→ **PROBLEM DETAILS**
An exact reproduction of the records is required, with all images left out.

→ **INPUT DATA**
——

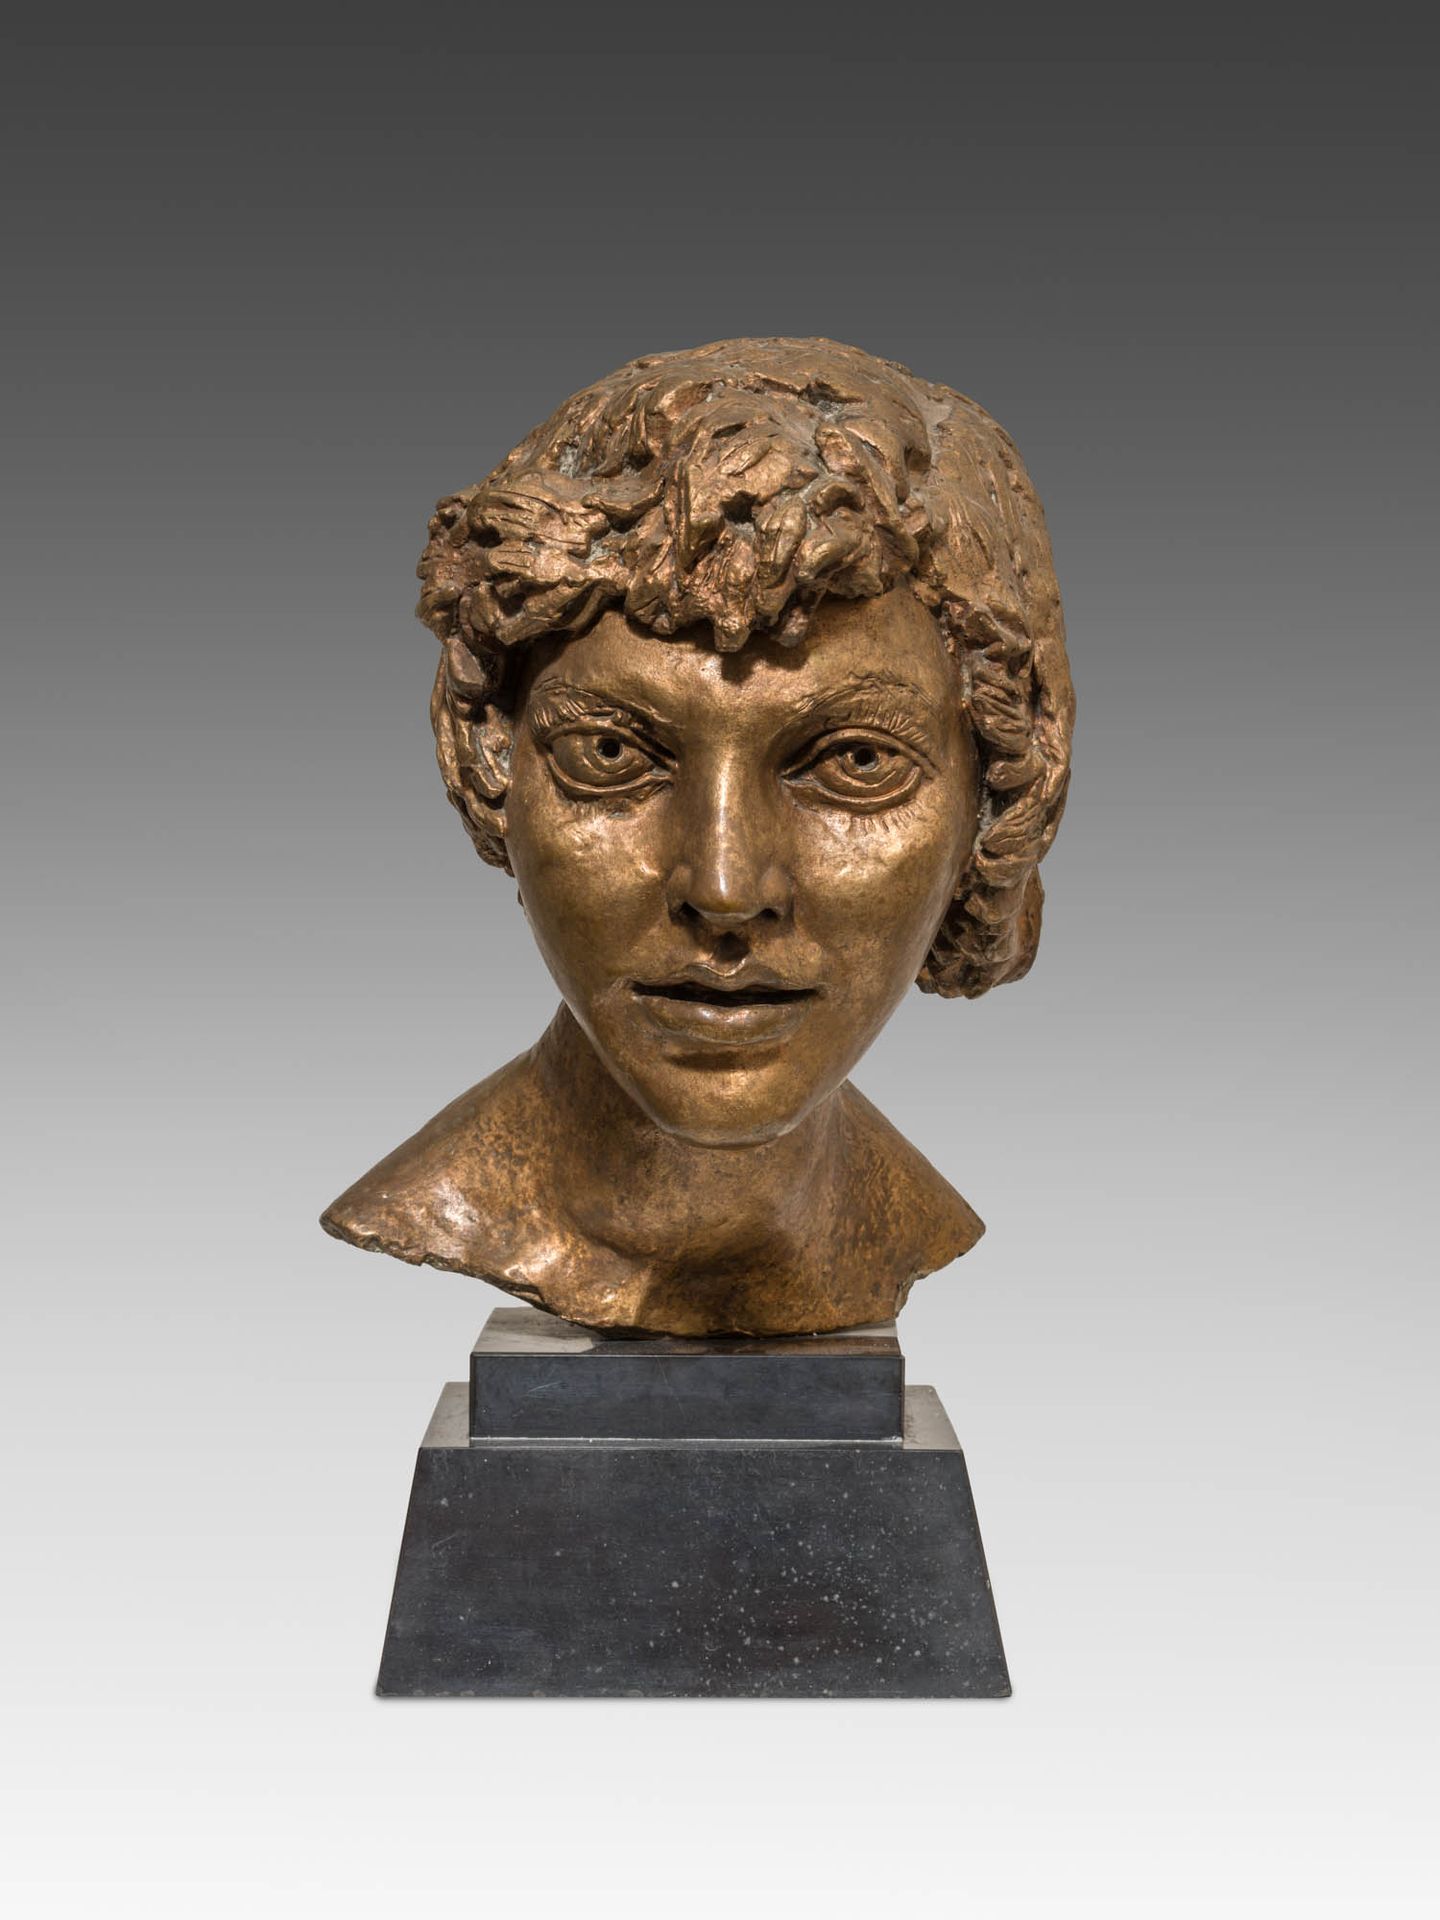 Jacob Epstein 1880–1959 
Jacob Epstein 1880-1959

凯蒂的画像

铜质

肩上签名的爱泼斯坦

高42.5厘米
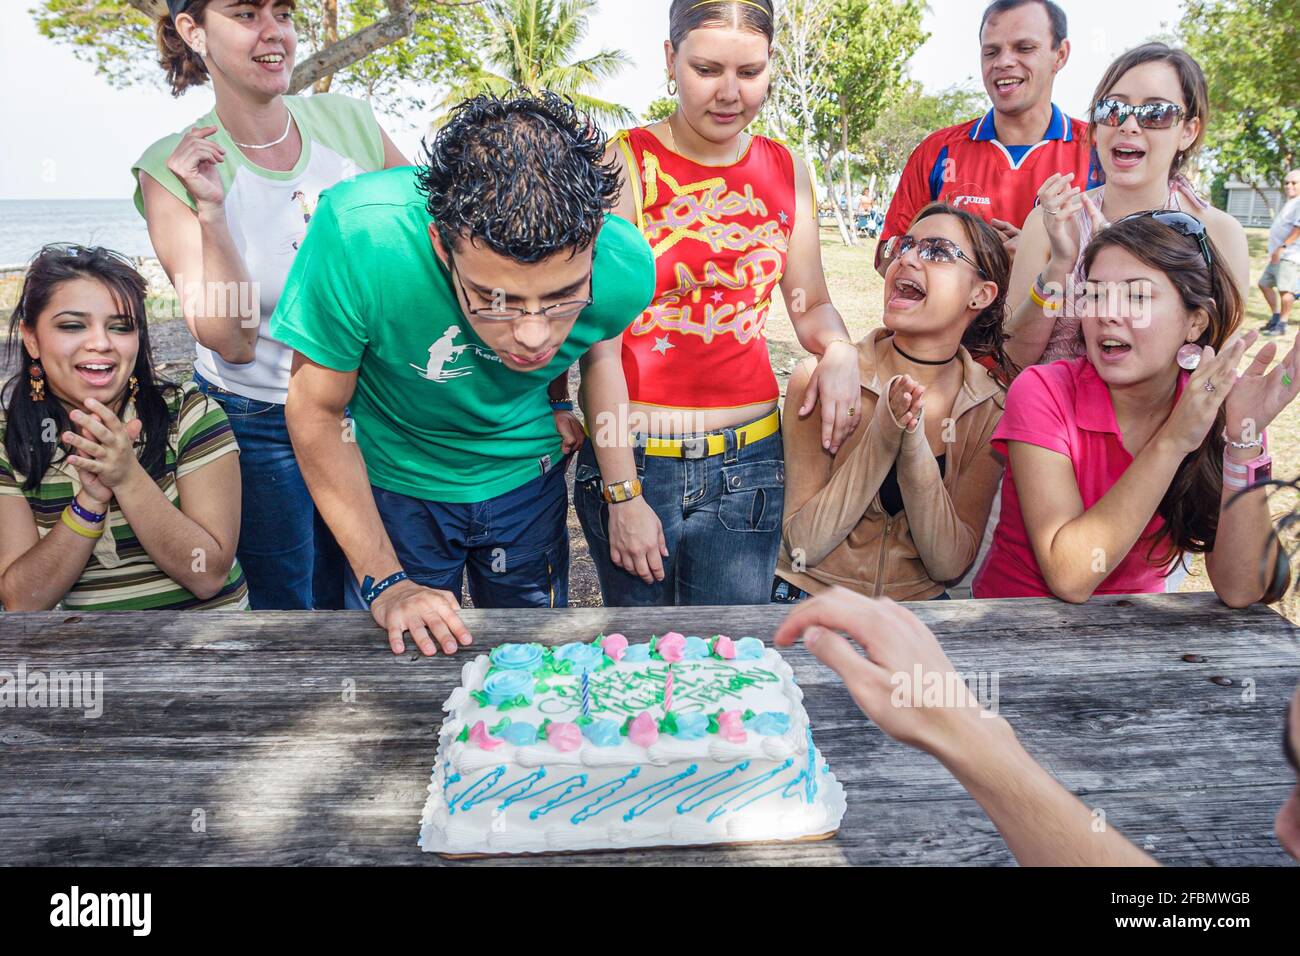 Miami Florida,Homestead Biscayne National Park,gli studenti ispanici adolescenti amici ragazzi ragazze,festeggiando la torta di compleanno che soffia fuori la candela Foto Stock

——

→ **RESPONSE TO THE EXERCISE**
 Jacob Epstein 1880–1959 
Jacob Epstein 1880-1959

凯蒂的画像

铜质

肩上签名的爱泼斯坦

高42.5厘米
 Miami Florida,Homestead Biscayne National Park,gli studenti ispanici adolescenti amici ragazzi ragazze,festeggiando la torta di compleanno che soffia fuori la candela Foto Stock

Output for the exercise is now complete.